As competitors like TotalEnergies, Eni, and BP reduce their presence in Africa’s upstream oil and gas sector, Shell is choosing a different path. The Anglo-Dutch energy group is pushing ahead with high-risk exploration and development, including deepwater drilling and the restart of inactive onshore fields.
On July 8, Shell signed a memorandum of understanding to relaunch an onshore oil field in Libya. Just days later, on Friday, July 11, it received approval to conduct ultra-deepwater drilling in the Orange Basin, off the coast of South Africa.
While the two moves may seem unrelated, they reflect Shell’s targeted strategy to stay active in Africa’s upstream sector, even in politically or legally uncertain environments.
Libya: Operating amid institutional instability
Shell’s return to onshore oil in Libya comes at a time when the country’s oil production is still vulnerable to disruption. Over the past year, major fields such as El-Sharara (300,000 barrels per day) and El-Feel have faced repeated shutdowns due to local protests and political unrest.
In late August 2024, the National Oil Corporation (NOC) said these stoppages led to a loss of about 63% of Libya’s daily output, which had reached 1.2 million barrels per day before the closures.
Tensions escalated in early September, when a disagreement between the NOC and the Central Bank of Libya over oil revenue management led to the cancellation of several crude shipments. Port data cited by local media showed exports falling from around 1 million barrels per day to under 180,000 in just one week — an 80% drop.
In January 2025, the NOC also underwent a leadership change. Farhat Bengdara was replaced by Massoud Suleman as interim chairman. Suleman pledged to improve transparency, including ending controversial oil-for-fuel swap deals that have long faced criticism for their lack of clarity.
All this is happening in a fragile political climate, marked by competing executive authorities and ongoing disputes over control of oil resources.
South Africa: Legal uncertainty surrounds offshore drilling
In South Africa, Shell has received permission to drill in the offshore Orange Basin, but the regulatory landscape remains unclear. The company is still facing legal challenges linked to earlier exploration efforts.
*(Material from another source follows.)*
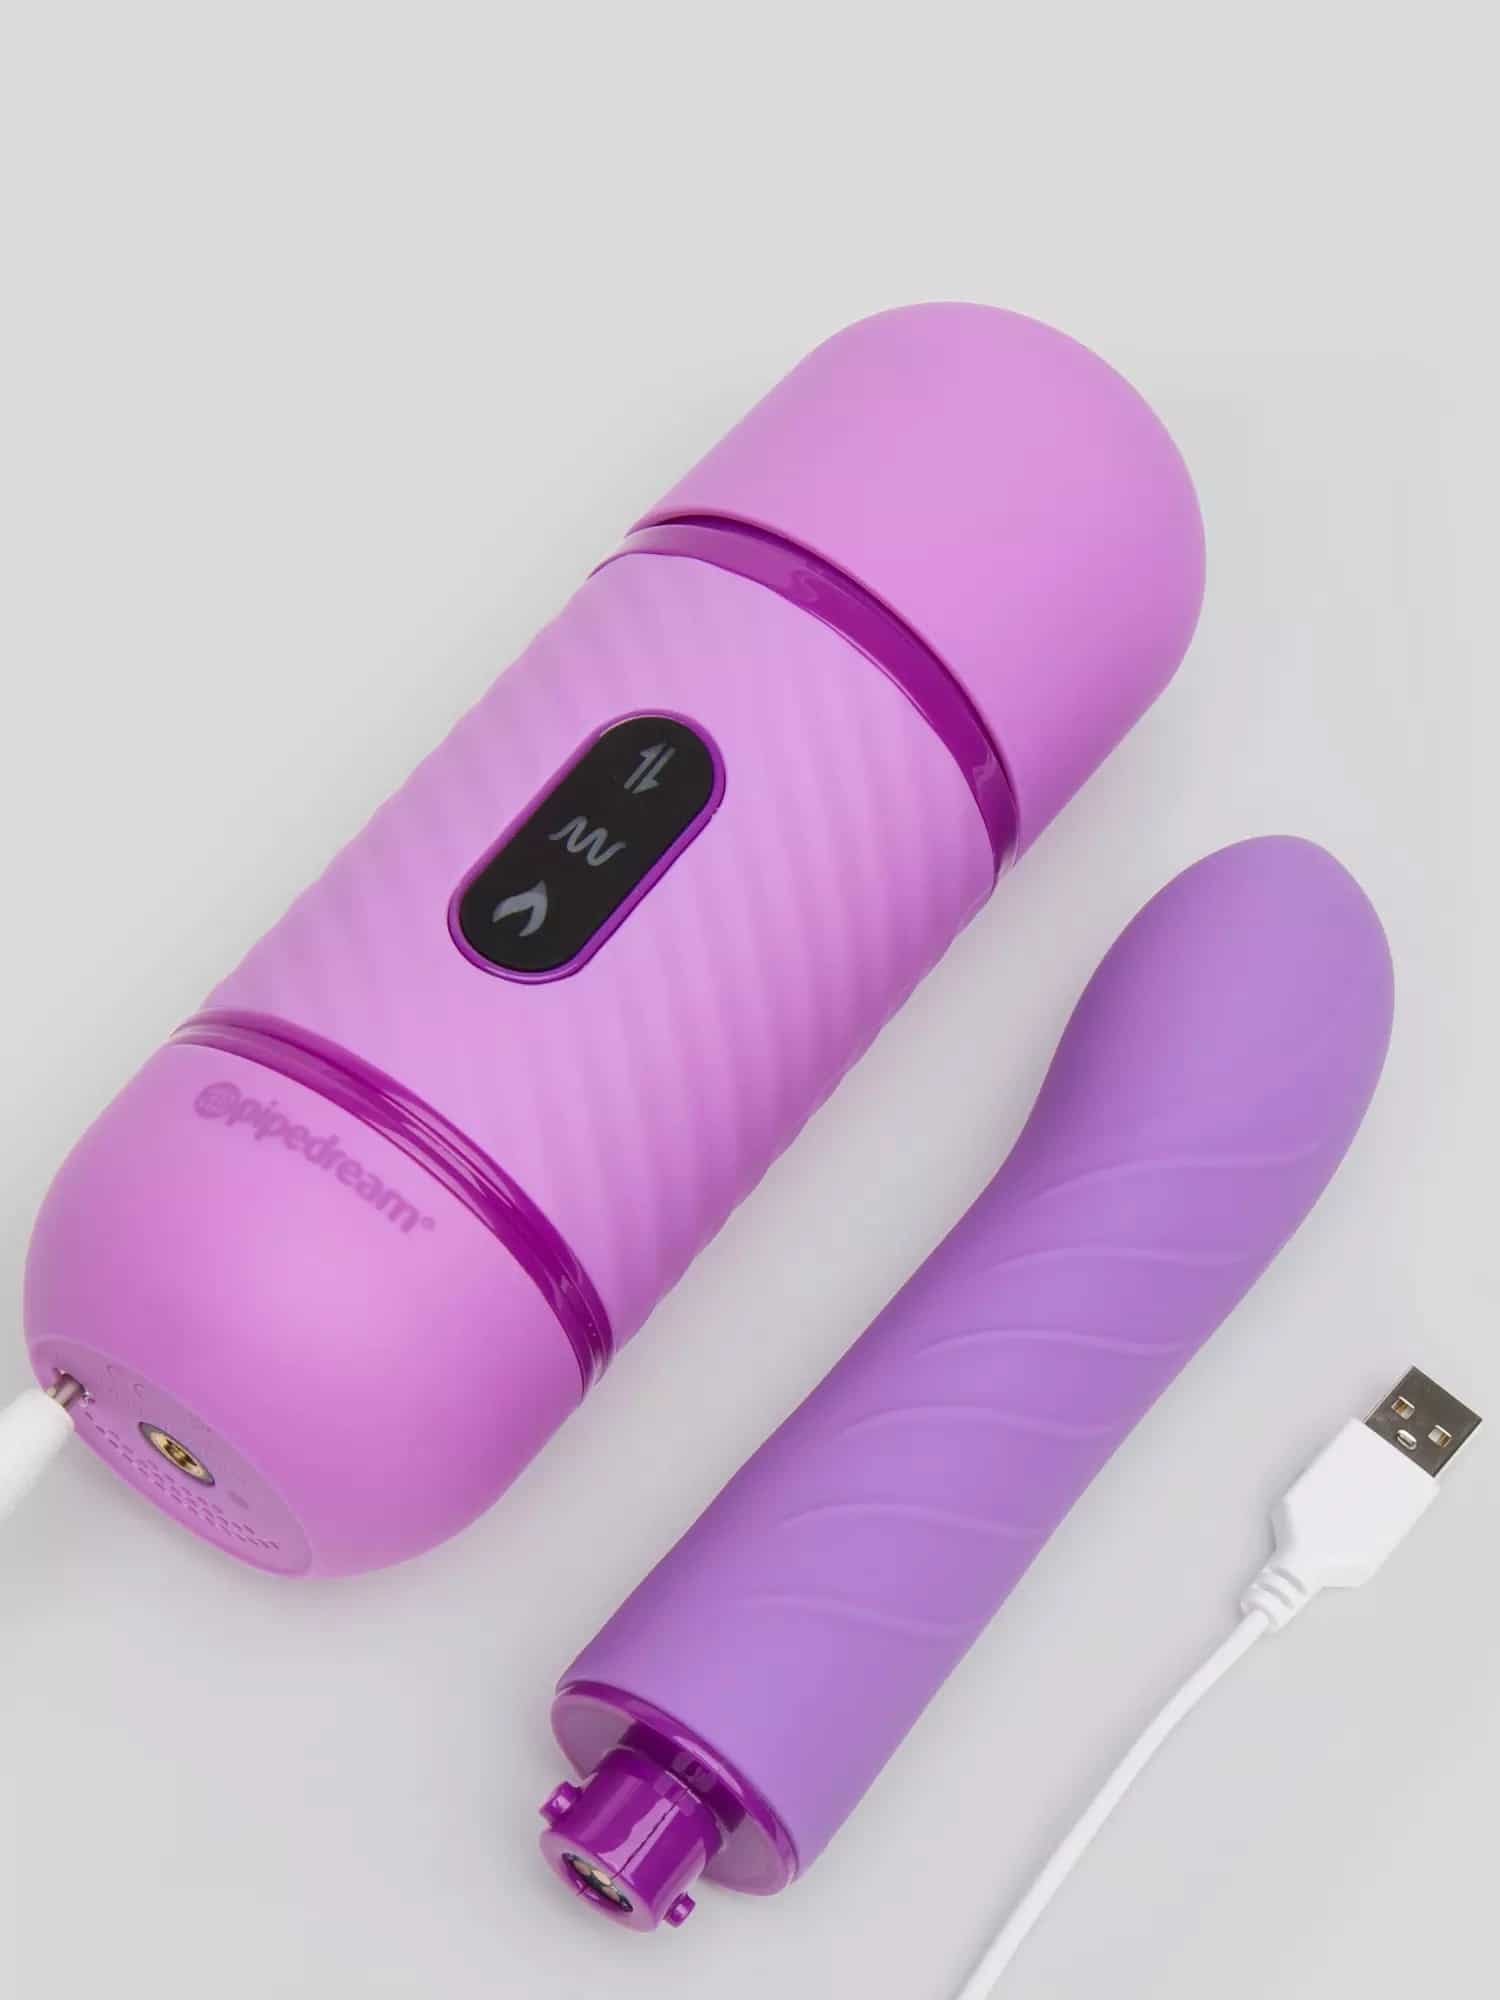  Fantasy For Her Rechargeable Remote Control Sex Machine . Slide 4
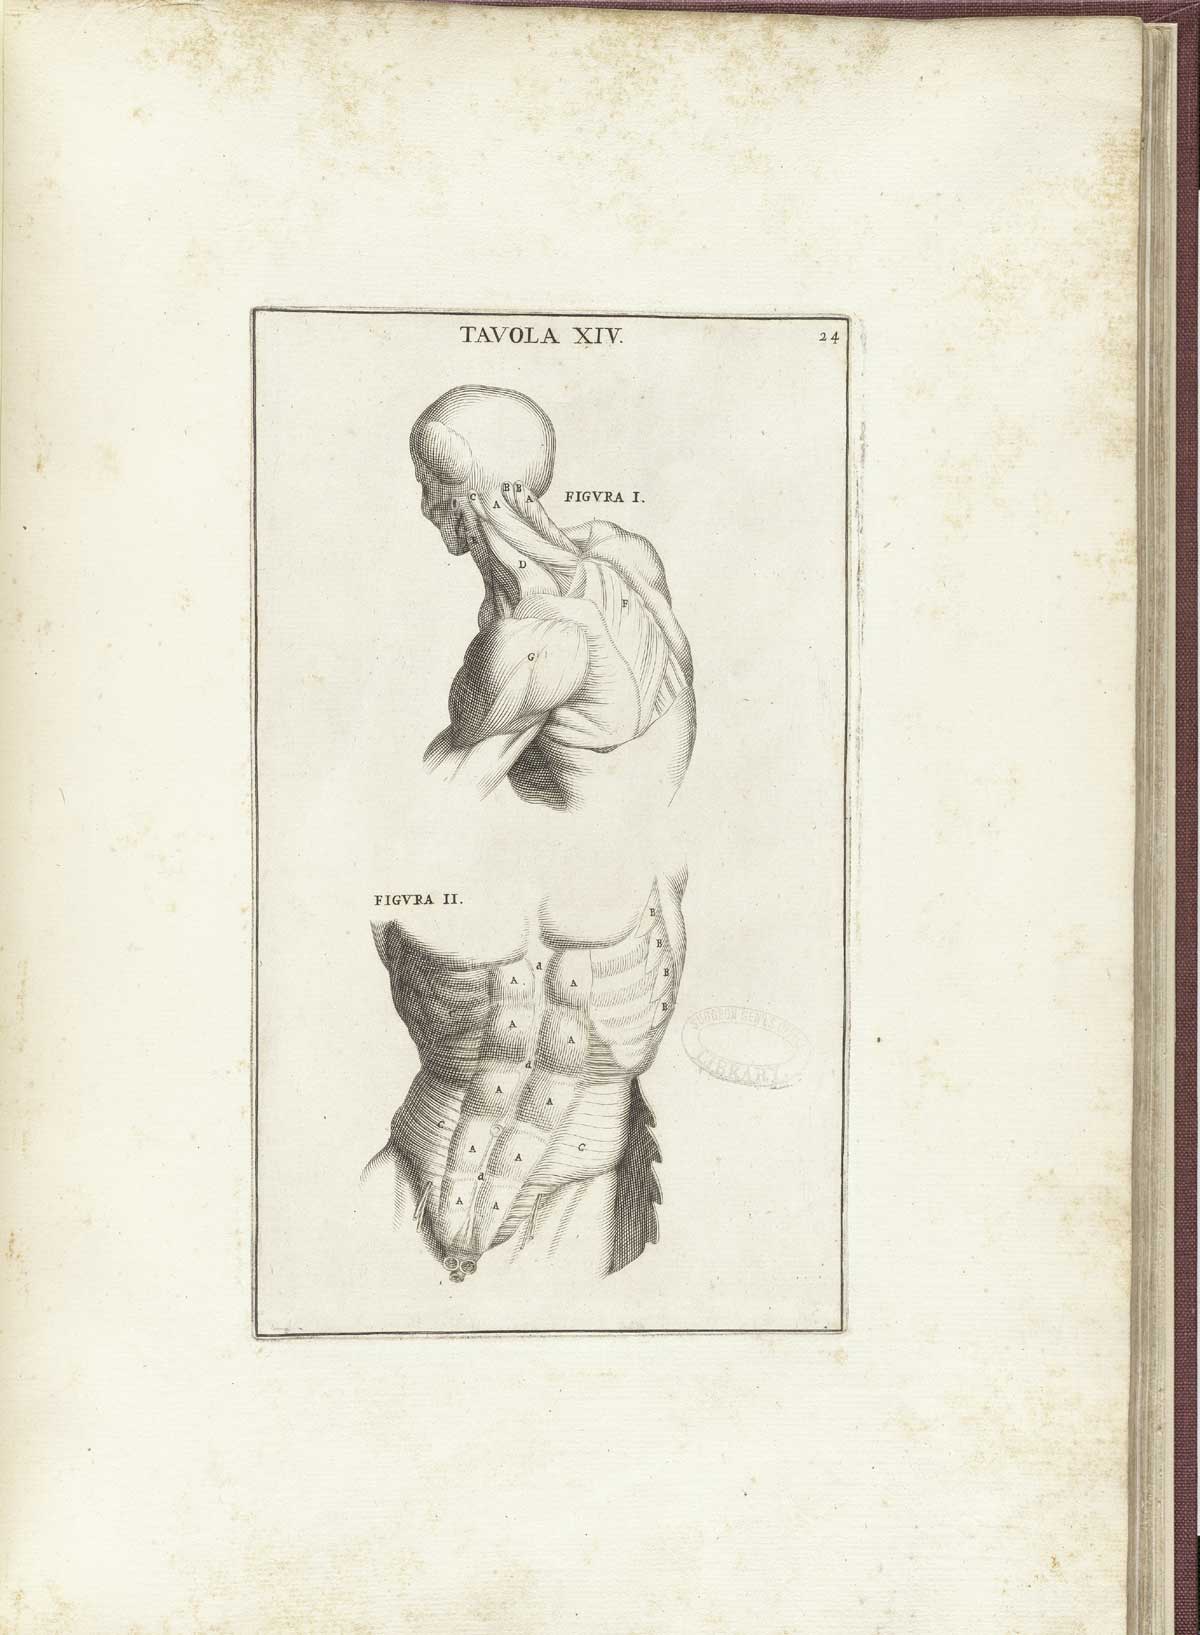 Engraving of two partial muscle figures with flesh removed to show musculature in detail: the one at top from the shoulders up showing the muscles of the shoulders and neck; the one at bottom shows the muscles of the abdomen; from Bernardino Genga’s Anatomia per uso et intelligenza del disegno, NLM Call no.: WZ 250 G329an 1691.

One major case stems from a 2021 seismic survey off the Wild Coast, which was blocked by the Makhanda High Court in 2022 over inadequate consultation with local communities. In June 2024, the Supreme Court of Appeal partly overturned that decision.
The appellate court ruled that the Department of Mineral Resources acted within its powers in granting the permit, but acknowledged that the public consultation process had been flawed. The court ordered new steps to ensure compliance with public participation rules under South African law. The case is still under review by the Constitutional Court.
Shell’s approach stands in contrast to that of some of its peers, such as TotalEnergies, which have taken a more cautious stance in parts of the African market. In March 2024, Shell also relaxed some of its own climate commitments by postponing certain emissions reduction targets.